# The data:
____

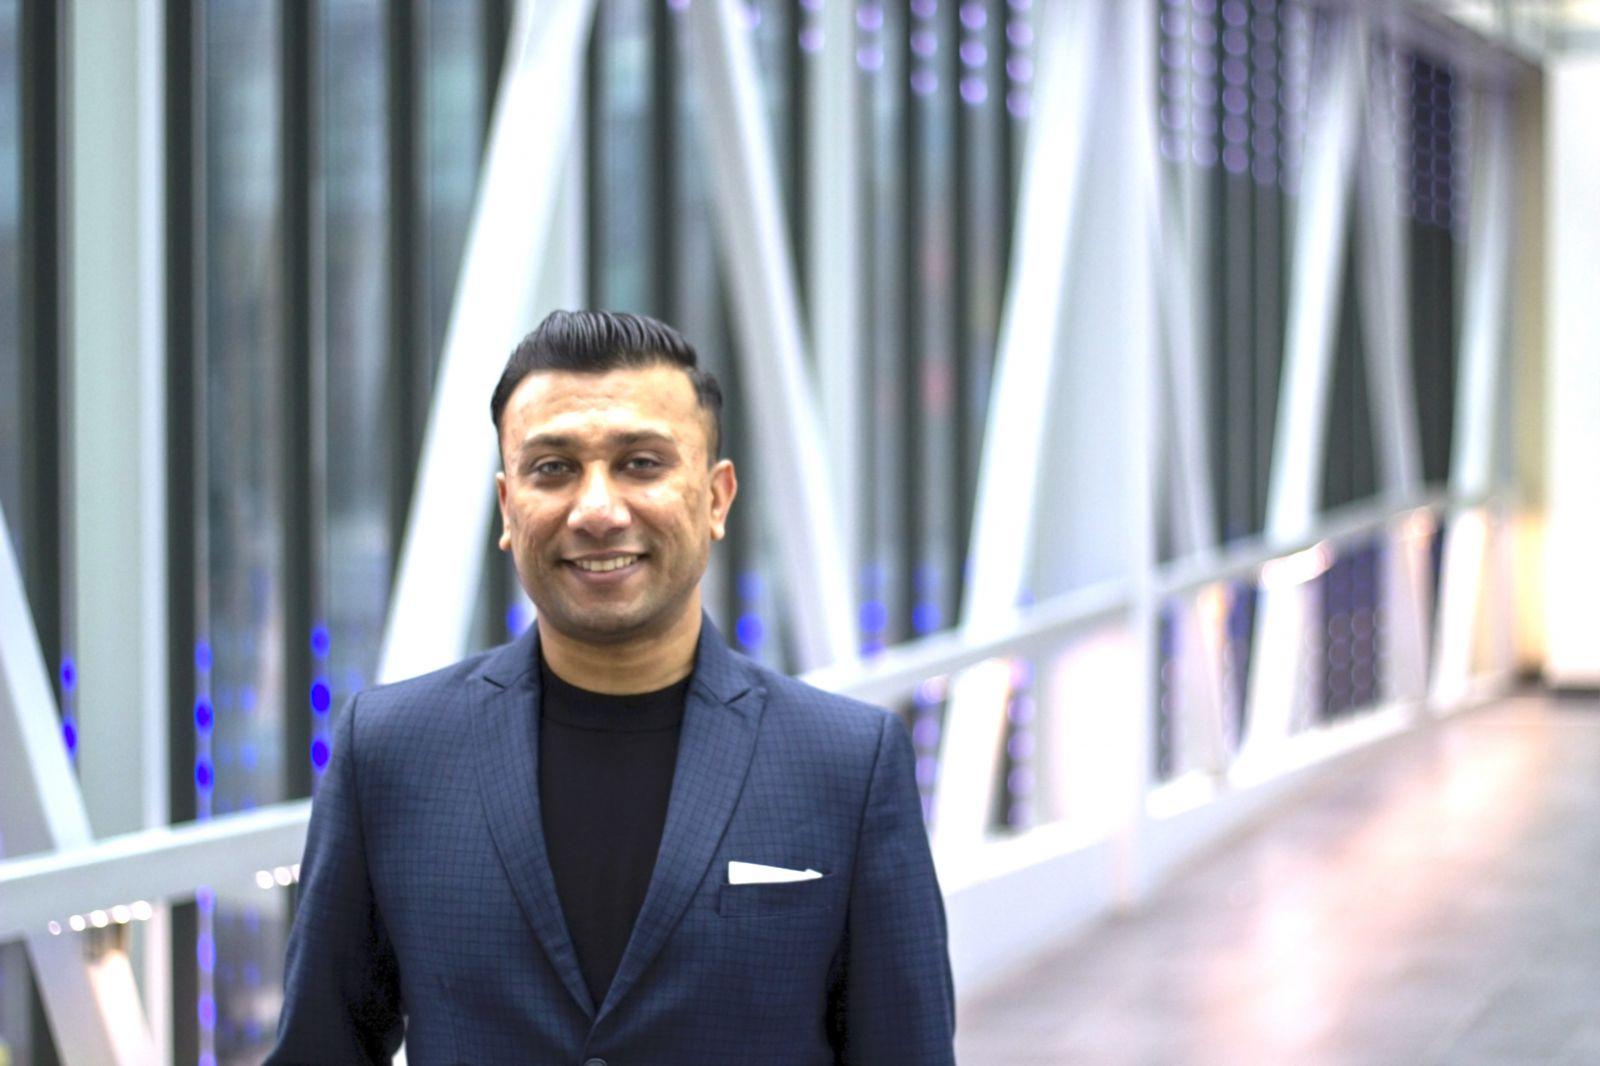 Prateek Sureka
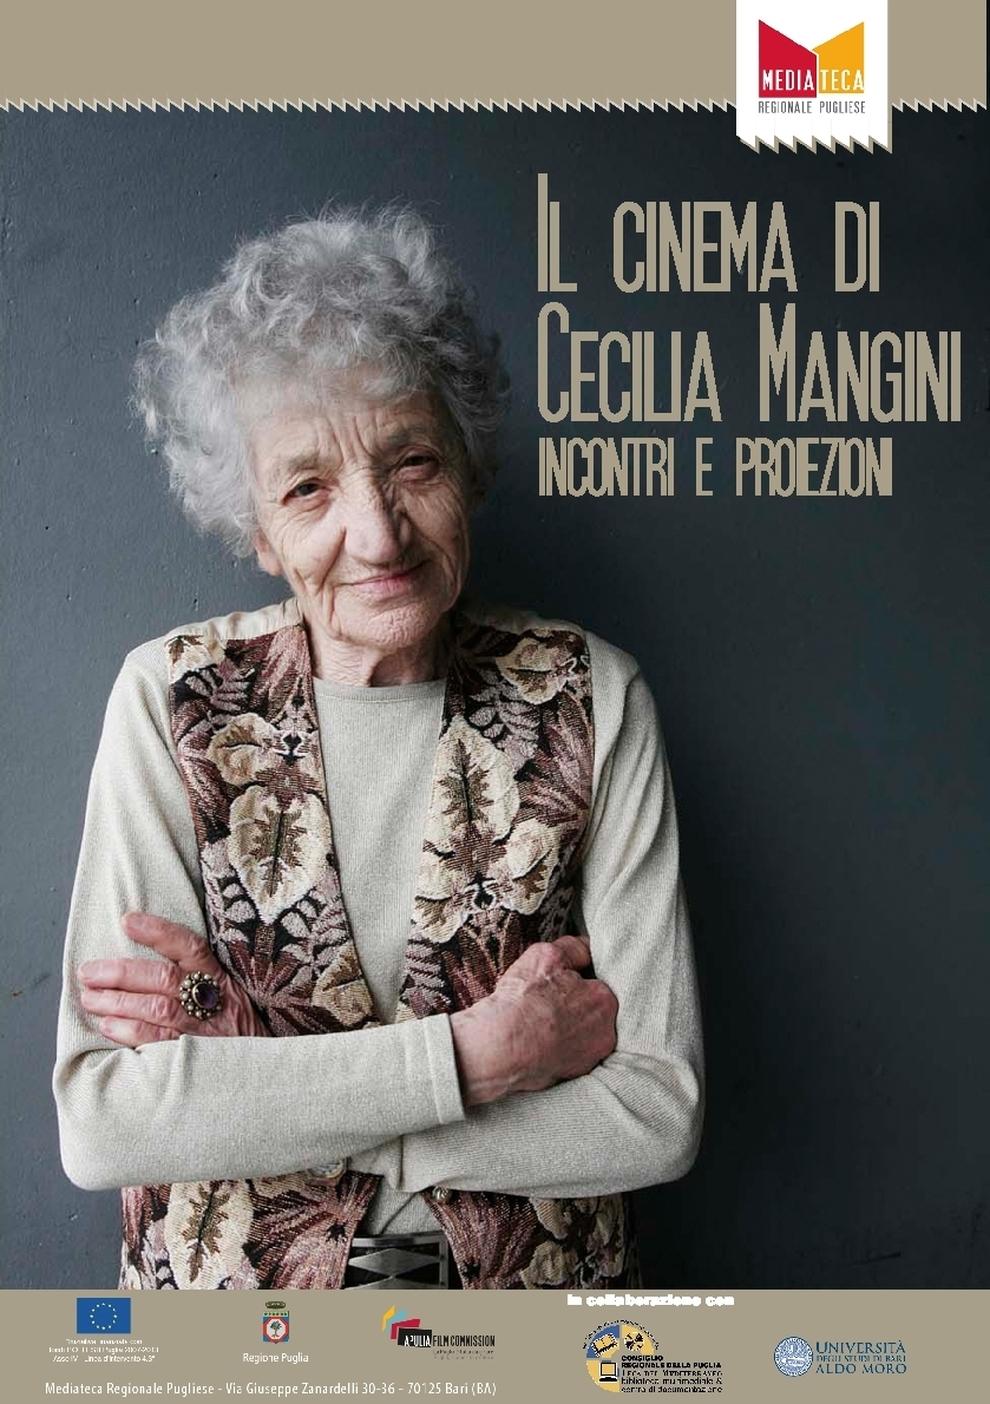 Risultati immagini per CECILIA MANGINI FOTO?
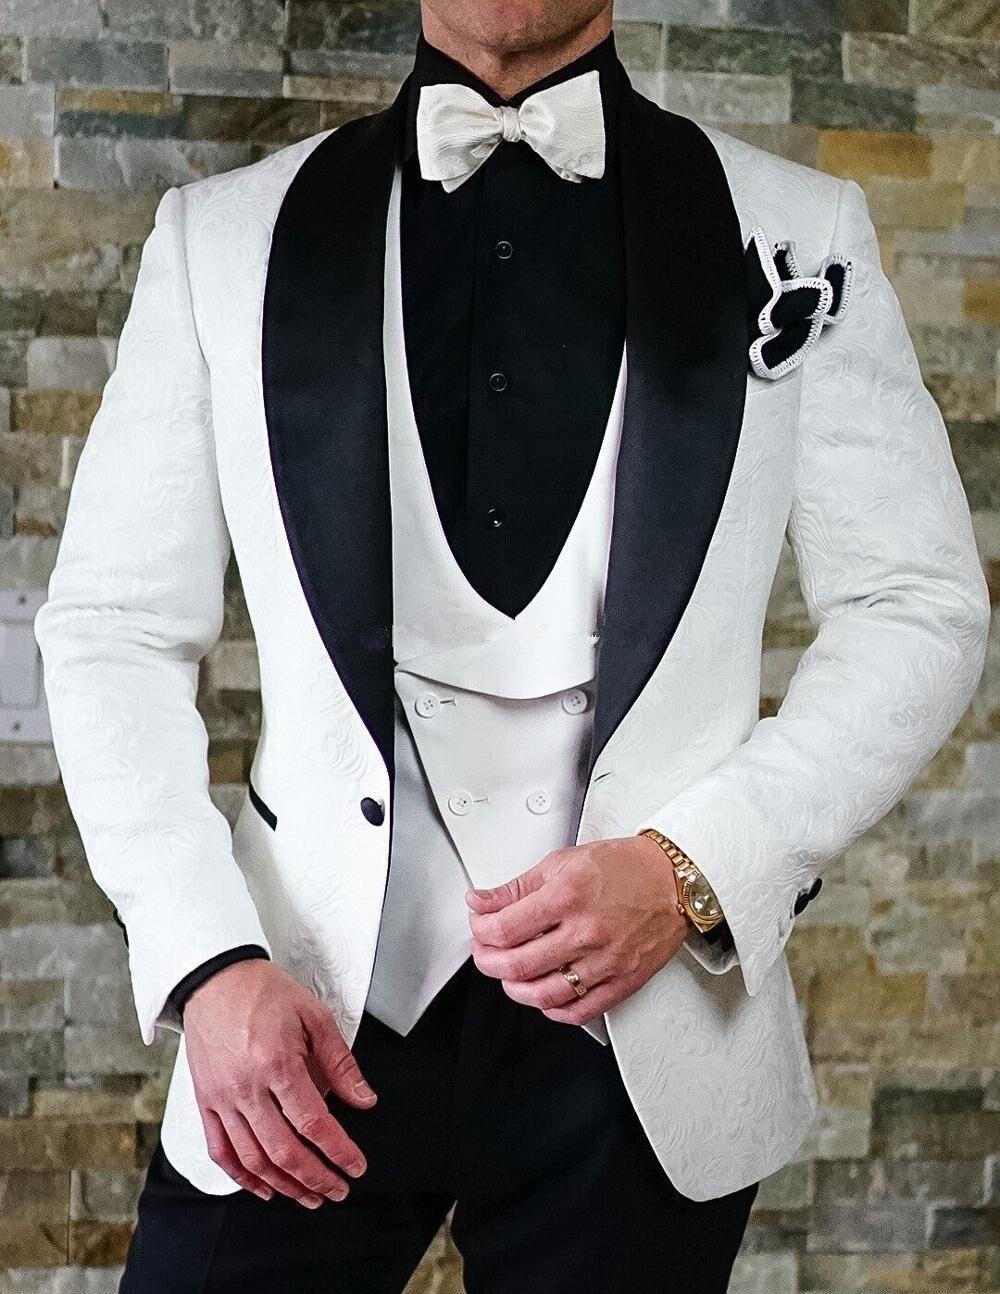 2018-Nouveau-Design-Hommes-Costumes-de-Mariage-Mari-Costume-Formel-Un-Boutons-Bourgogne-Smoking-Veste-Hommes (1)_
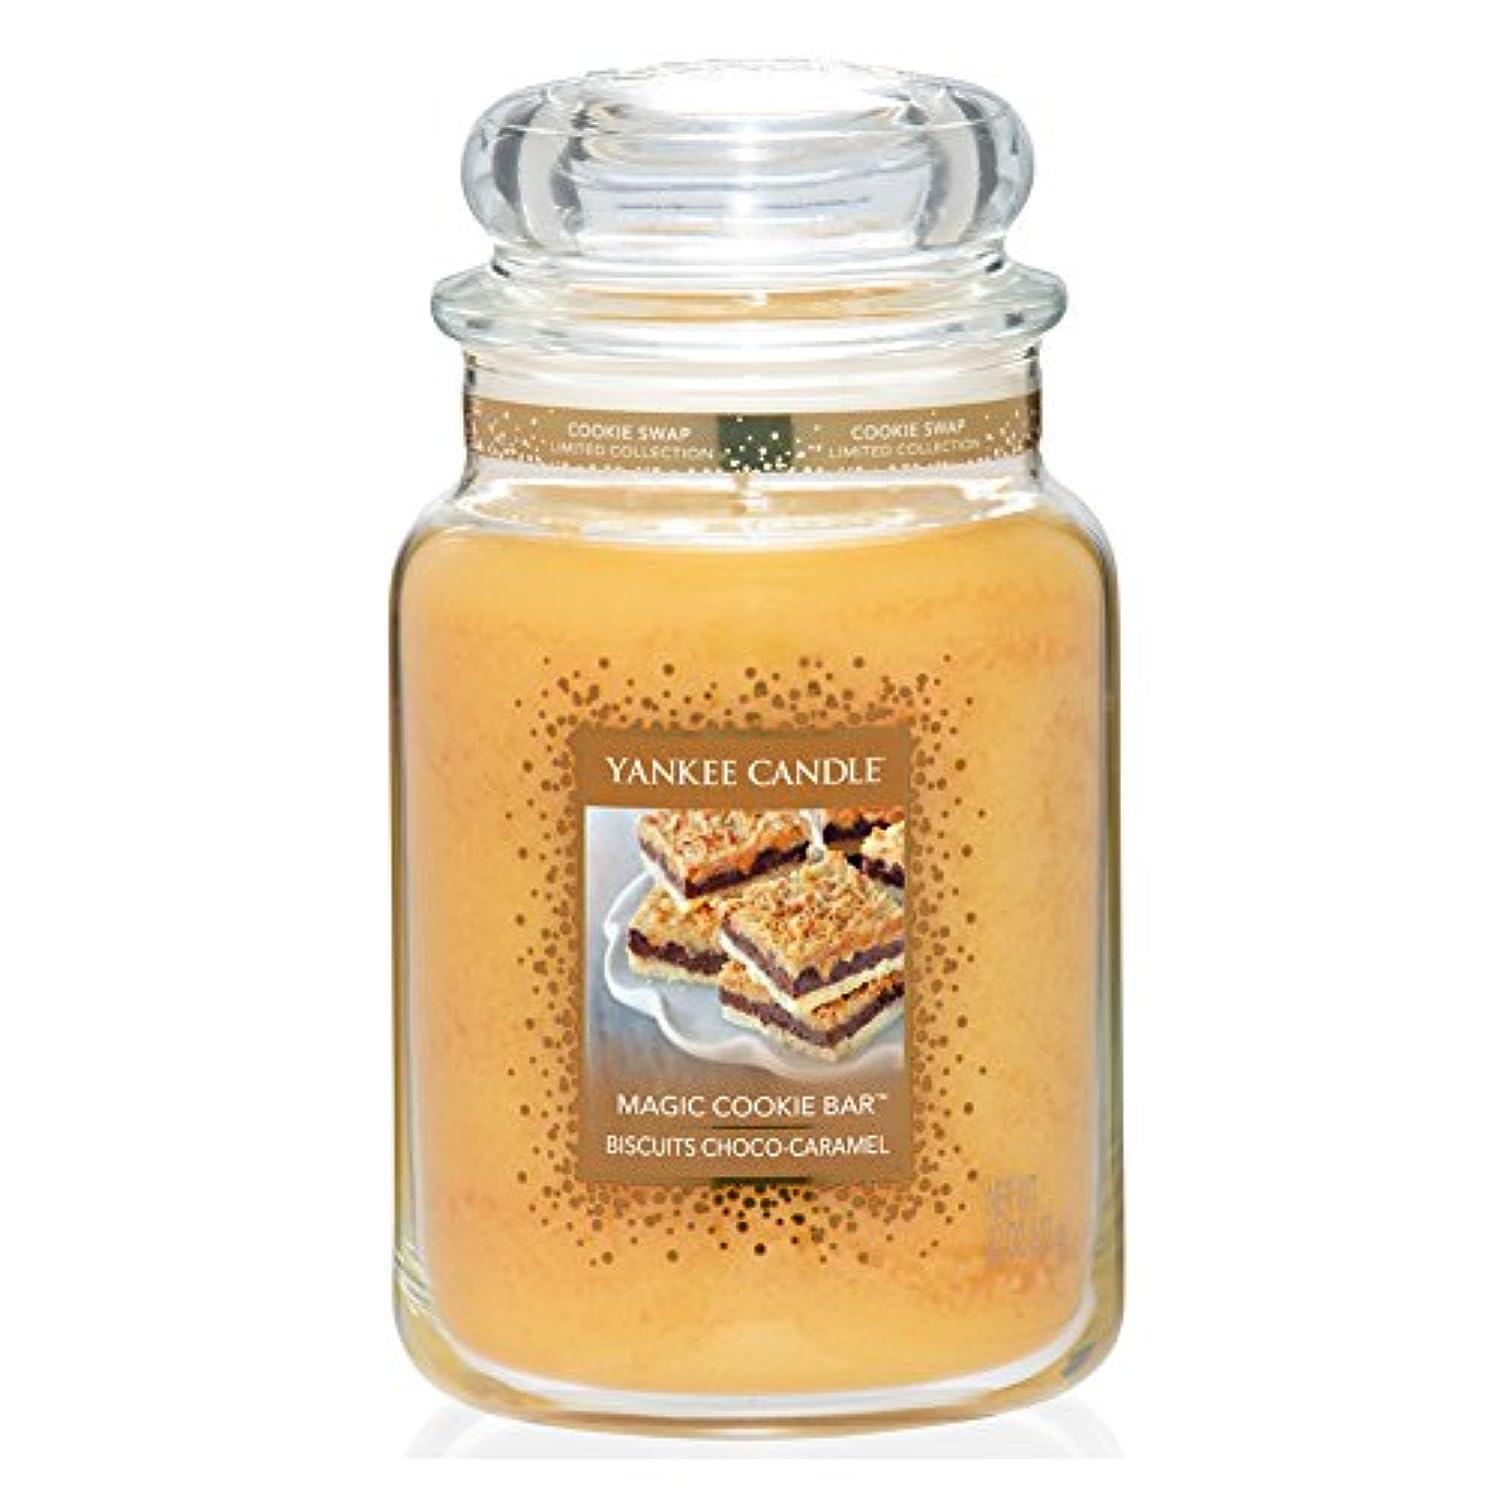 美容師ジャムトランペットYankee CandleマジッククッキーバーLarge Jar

____

# What is needed:
Retype each line above exactly. Leave the images out.

# Answer box:
 Prateek Sureka
 Risultati immagini per CECILIA MANGINI FOTO?
 2018-Nouveau-Design-Hommes-Costumes-de-Mariage-Mari-Costume-Formel-Un-Boutons-Bourgogne-Smoking-Veste-Hommes (1)_
 美容師ジャムトランペットYankee CandleマジッククッキーバーLarge Jar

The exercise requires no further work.